A Stochastic Proximal Polyak Step Size
This work addresses the tuning and stability issues in stochastic optimization for regularized problems, which is incremental but important for practitioners in machine learning.
The authors tackled the challenge of adapting the stochastic Polyak step size (SPS) to handle regularization by developing ProxSPS, which only requires a lower bound for the loss rather than the entire objective, making it easier to tune and more stable. For image classification, ProxSPS performed as well as AdamW with minimal tuning and resulted in smaller weight parameters.
Recently, the stochastic Polyak step size (SPS) has emerged as a competitive adaptive step size scheme for stochastic gradient descent. Here we develop ProxSPS, a proximal variant of SPS that can handle regularization terms. Developing a proximal variant of SPS is particularly important, since SPS requires a lower bound of the objective function to work well. When the objective function is the sum of a loss and a regularizer, available estimates of a lower bound of the sum can be loose.

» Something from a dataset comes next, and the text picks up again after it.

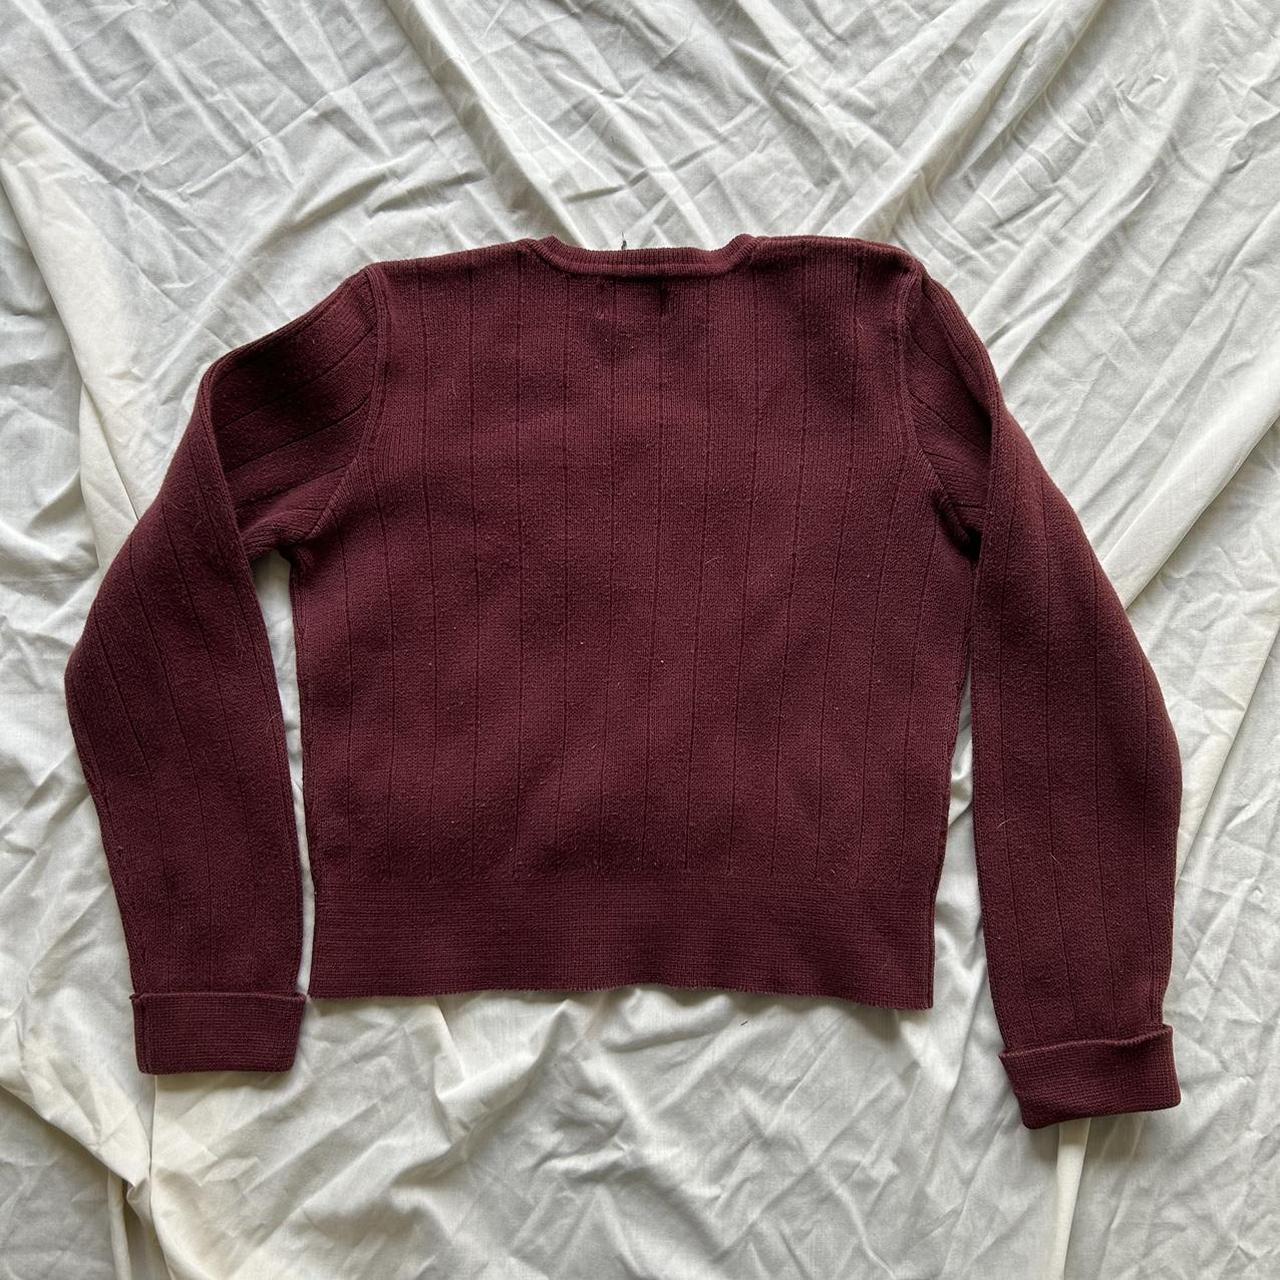 Abercrombie & Fitch Maroon Cropped Sweater - Depop

In contrast, ProxSPS only requires a lower bound for the loss which is often readily available. As a consequence, we show that ProxSPS is easier to tune and more stable in the presence of regularization. Furthermore for image classification tasks, ProxSPS performs as well as AdamW with little to no tuning, and results in a network with smaller weight parameters. We also provide an extensive convergence analysis for ProxSPS that includes the non-smooth, smooth, weakly convex and strongly convex setting.